■ Records shown
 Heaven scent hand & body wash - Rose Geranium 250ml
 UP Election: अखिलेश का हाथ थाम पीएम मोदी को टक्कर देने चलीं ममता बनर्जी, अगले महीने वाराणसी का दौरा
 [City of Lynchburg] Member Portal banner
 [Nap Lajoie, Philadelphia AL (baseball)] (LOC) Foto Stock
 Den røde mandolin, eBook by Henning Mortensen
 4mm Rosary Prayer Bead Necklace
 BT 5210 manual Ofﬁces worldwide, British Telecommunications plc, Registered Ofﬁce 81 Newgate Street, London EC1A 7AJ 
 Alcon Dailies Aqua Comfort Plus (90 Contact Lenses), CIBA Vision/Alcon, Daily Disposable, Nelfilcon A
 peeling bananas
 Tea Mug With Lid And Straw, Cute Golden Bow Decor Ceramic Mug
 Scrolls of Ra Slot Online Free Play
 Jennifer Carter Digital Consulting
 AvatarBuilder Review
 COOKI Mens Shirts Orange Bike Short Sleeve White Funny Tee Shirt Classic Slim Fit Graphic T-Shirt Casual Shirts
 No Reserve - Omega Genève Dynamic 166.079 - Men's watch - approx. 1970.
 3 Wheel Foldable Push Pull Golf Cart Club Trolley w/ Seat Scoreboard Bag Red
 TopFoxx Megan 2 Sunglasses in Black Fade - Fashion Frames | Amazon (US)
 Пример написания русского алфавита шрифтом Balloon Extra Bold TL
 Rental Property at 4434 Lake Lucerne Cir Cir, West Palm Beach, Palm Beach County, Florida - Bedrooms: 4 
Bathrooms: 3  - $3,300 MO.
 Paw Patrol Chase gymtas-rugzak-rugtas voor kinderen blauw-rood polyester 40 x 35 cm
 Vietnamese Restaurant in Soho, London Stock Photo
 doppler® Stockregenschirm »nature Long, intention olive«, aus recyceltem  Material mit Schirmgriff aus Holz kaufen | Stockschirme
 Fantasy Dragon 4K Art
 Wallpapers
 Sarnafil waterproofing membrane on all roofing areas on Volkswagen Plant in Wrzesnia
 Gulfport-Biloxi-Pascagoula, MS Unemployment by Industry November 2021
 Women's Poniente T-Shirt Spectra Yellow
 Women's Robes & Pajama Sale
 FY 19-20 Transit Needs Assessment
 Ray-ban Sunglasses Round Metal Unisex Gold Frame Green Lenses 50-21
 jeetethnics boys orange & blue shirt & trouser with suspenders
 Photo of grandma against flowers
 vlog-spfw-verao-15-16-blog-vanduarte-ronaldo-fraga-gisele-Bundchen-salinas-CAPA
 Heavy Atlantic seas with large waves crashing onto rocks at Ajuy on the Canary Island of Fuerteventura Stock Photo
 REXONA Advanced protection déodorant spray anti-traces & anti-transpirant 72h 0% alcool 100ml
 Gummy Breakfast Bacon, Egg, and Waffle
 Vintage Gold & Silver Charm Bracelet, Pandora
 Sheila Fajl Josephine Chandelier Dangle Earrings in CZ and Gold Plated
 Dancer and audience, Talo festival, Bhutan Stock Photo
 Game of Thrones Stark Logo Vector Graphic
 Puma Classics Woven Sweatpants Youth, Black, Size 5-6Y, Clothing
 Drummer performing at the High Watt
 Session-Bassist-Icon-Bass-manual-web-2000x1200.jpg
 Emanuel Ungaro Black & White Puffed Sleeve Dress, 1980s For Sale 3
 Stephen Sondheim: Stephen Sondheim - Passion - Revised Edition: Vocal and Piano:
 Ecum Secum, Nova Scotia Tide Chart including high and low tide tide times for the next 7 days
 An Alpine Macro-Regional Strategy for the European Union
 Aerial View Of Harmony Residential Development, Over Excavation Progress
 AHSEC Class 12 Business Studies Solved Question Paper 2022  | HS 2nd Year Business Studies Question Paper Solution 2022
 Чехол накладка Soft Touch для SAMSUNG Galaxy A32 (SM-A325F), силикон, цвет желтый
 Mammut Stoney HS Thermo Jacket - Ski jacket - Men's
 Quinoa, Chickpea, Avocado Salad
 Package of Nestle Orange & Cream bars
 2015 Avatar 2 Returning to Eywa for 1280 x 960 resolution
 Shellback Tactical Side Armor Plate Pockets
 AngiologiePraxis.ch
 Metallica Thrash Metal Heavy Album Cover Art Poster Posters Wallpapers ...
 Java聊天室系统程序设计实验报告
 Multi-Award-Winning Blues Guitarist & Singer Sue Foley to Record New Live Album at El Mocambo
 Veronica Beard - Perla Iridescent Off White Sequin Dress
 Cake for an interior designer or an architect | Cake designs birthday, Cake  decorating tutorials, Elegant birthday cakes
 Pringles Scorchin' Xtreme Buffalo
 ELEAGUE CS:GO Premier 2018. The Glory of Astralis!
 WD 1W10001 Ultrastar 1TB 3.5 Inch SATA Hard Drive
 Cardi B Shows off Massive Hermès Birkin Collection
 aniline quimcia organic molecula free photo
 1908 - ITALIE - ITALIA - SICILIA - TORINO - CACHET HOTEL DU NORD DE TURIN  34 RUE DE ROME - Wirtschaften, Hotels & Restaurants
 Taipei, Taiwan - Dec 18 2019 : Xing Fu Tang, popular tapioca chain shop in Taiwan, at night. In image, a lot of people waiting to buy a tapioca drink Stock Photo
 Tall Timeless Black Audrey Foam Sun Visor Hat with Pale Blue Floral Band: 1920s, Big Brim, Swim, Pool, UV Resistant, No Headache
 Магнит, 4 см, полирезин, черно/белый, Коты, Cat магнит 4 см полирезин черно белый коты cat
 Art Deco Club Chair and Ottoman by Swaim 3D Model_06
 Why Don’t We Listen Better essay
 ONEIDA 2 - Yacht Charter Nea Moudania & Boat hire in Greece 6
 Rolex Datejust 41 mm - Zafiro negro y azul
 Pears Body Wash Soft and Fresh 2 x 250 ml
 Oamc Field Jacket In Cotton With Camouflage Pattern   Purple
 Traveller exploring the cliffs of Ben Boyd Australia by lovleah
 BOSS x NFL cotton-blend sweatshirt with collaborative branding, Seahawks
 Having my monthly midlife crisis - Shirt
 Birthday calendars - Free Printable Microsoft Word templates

■ Problem to work on
Each line above from the one with "TopFoxx Megan 2" up to and including the one with "- $3,300 MO." must be set down exactly, and no line outside that span may appear.

■ Final answer
 TopFoxx Megan 2 Sunglasses in Black Fade - Fashion Frames | Amazon (US)
 Пример написания русского алфавита шрифтом Balloon Extra Bold TL
 Rental Property at 4434 Lake Lucerne Cir Cir, West Palm Beach, Palm Beach County, Florida - Bedrooms: 4 
Bathrooms: 3  - $3,300 MO.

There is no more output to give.